EXERCISE GOAL
If a line in the records below contains the word "down", copy it out.

START LISTED ENTRIES

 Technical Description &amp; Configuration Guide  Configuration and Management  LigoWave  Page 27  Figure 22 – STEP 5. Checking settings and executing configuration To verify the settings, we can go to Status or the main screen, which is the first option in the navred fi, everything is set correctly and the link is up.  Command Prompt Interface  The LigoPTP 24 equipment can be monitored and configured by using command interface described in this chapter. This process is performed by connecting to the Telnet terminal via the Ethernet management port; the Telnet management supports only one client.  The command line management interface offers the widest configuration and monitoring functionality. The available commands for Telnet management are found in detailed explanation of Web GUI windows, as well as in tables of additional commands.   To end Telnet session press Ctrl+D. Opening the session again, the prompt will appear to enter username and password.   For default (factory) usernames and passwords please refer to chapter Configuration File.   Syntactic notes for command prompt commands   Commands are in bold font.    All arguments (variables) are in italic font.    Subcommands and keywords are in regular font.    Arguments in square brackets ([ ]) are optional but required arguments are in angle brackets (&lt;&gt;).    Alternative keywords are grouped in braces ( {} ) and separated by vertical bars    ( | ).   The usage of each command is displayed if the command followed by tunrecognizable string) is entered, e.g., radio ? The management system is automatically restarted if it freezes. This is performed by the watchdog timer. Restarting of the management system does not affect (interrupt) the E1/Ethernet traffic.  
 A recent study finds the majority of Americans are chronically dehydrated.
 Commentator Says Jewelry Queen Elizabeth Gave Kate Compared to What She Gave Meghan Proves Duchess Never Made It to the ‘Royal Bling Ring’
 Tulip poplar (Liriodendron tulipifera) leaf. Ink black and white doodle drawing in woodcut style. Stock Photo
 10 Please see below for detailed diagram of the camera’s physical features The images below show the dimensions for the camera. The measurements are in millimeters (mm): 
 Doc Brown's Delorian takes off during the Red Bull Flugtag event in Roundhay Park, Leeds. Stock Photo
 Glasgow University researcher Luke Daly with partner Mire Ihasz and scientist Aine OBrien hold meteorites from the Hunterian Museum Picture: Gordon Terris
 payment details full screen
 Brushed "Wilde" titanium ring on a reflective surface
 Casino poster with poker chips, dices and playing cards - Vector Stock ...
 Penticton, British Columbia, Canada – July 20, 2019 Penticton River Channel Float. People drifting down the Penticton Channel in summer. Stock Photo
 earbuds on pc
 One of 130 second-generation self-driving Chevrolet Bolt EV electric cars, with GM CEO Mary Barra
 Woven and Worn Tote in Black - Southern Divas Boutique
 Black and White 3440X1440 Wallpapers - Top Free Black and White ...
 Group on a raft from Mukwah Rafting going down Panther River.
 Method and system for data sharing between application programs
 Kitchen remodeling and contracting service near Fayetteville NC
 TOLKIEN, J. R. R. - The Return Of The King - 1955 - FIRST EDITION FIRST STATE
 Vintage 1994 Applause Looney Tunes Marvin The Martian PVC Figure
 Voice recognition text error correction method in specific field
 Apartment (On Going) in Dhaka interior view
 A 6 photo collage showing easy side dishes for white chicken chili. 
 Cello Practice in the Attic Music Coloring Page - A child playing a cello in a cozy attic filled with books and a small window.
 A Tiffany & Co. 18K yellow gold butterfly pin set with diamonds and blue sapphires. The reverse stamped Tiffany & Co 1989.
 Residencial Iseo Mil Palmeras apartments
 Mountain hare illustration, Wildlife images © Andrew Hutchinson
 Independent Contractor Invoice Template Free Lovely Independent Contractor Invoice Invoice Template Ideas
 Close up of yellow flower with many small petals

END LISTED ENTRIES

RESULT FOR THIS EXERCISE
 Penticton, British Columbia, Canada – July 20, 2019 Penticton River Channel Float. People drifting down the Penticton Channel in summer. Stock Photo
 Group on a raft from Mukwah Rafting going down Panther River.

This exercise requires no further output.